_Task directions_
What you return must be the data below, word for word, without any images.
START Material provided
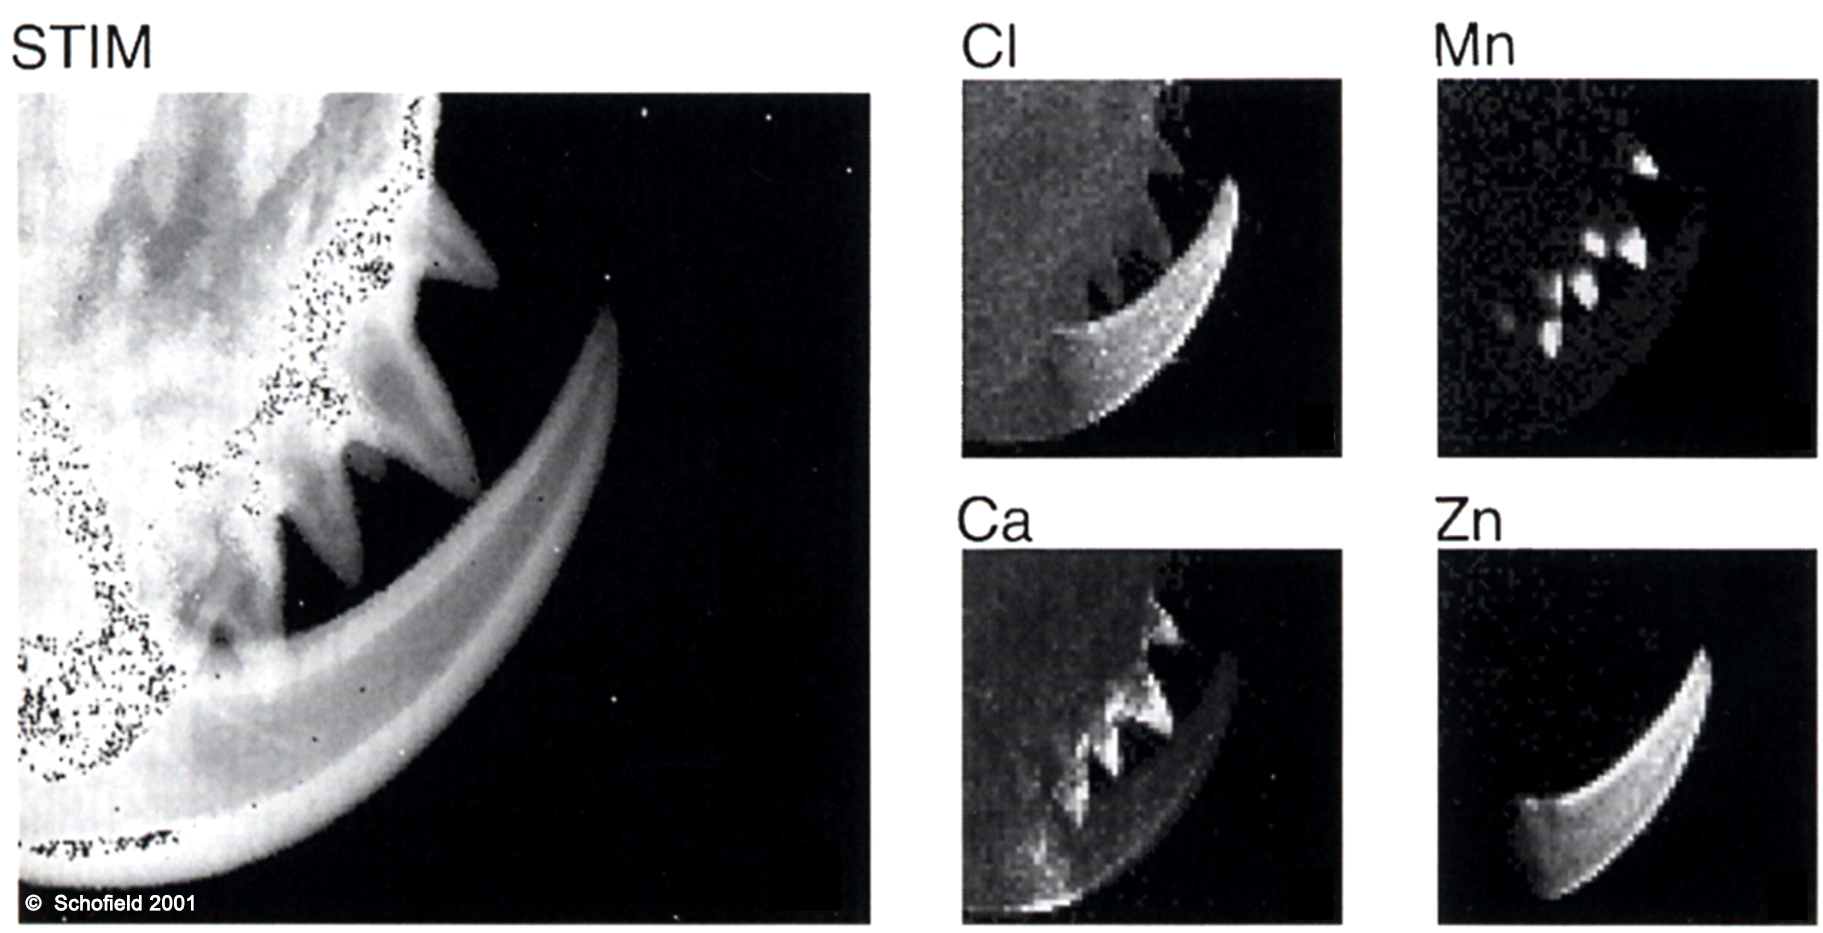 מפוי רנטגן של כליצרות ושיני כליצרות של גלגלן הצלב.
מימין ניתן לראות את הפיזור המשתנה של המתכות השונות.
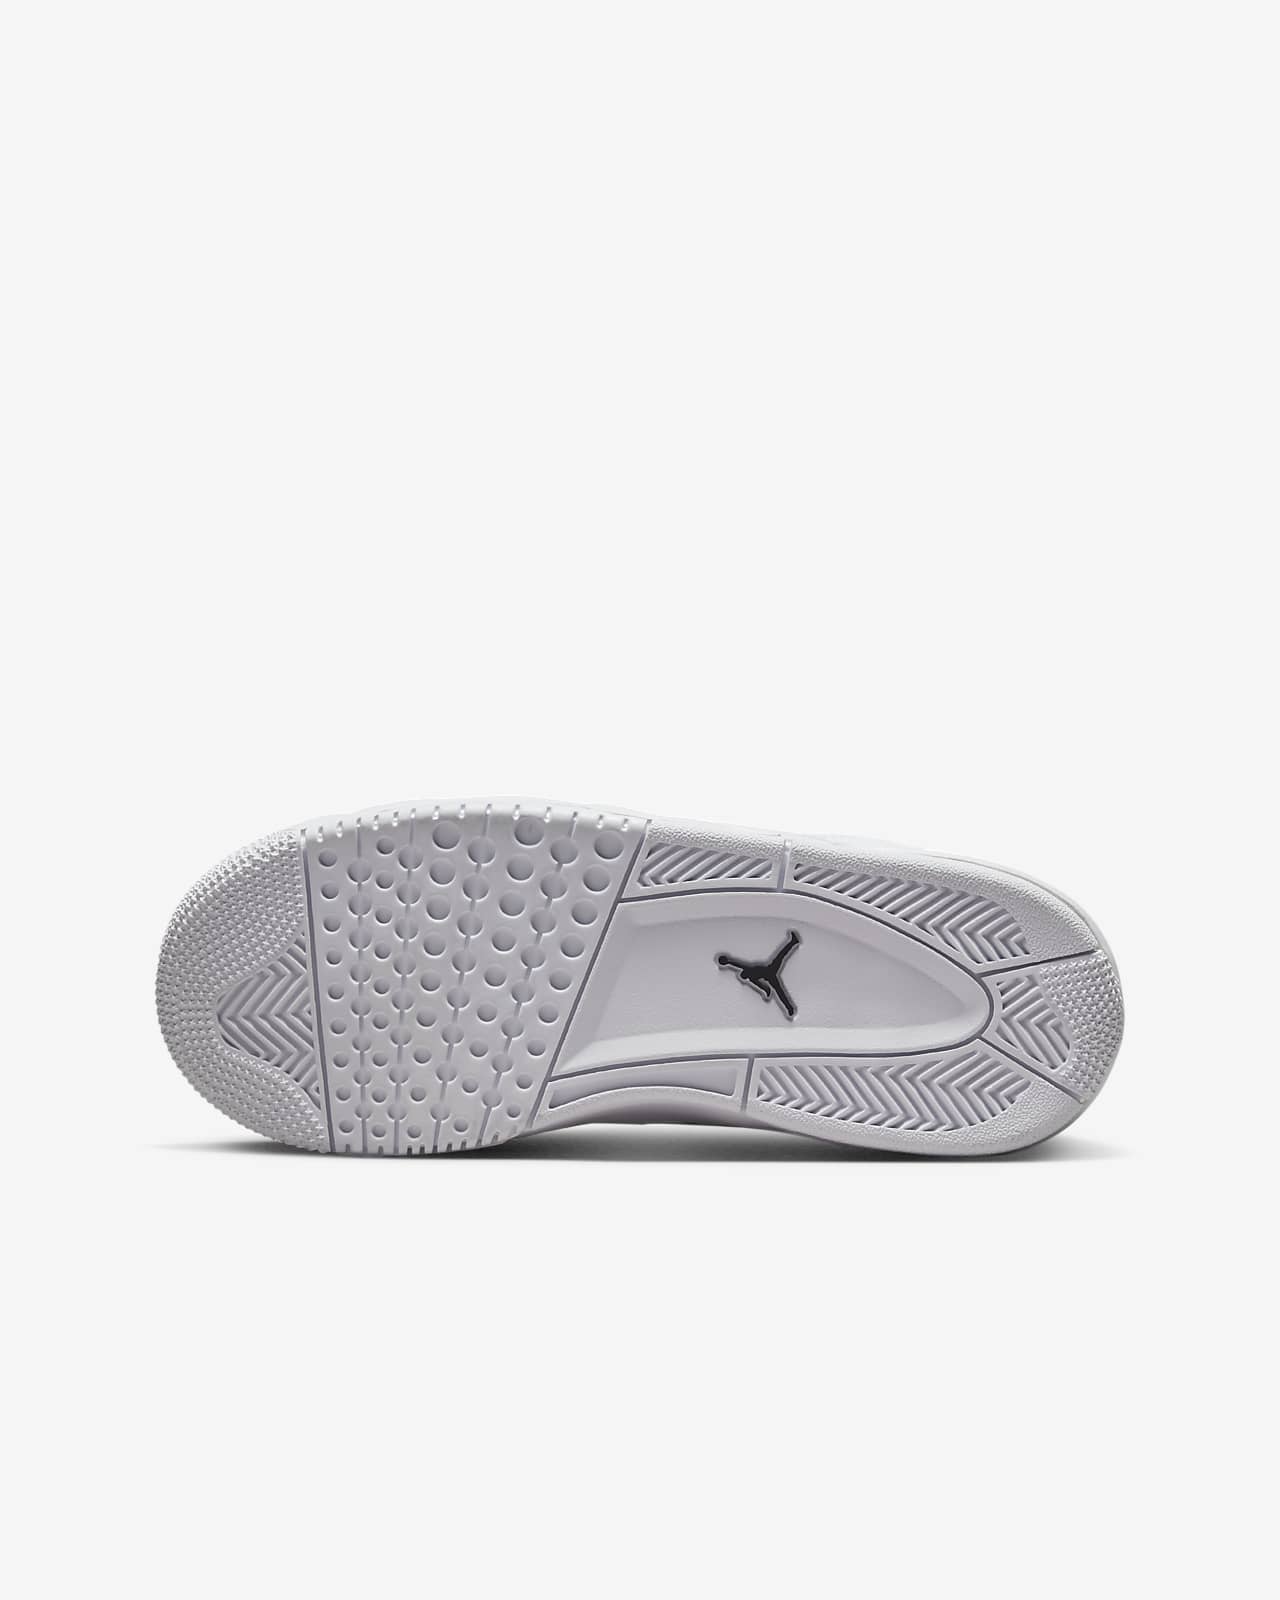 Jordan Flight Origin Zapatillas - Niño/a. Nike ES
END Material provided
_Result_
 מפוי רנטגן של כליצרות ושיני כליצרות של גלגלן הצלב.
מימין ניתן לראות את הפיזור המשתנה של המתכות השונות.
 Jordan Flight Origin Zapatillas - Niño/a. Nike ES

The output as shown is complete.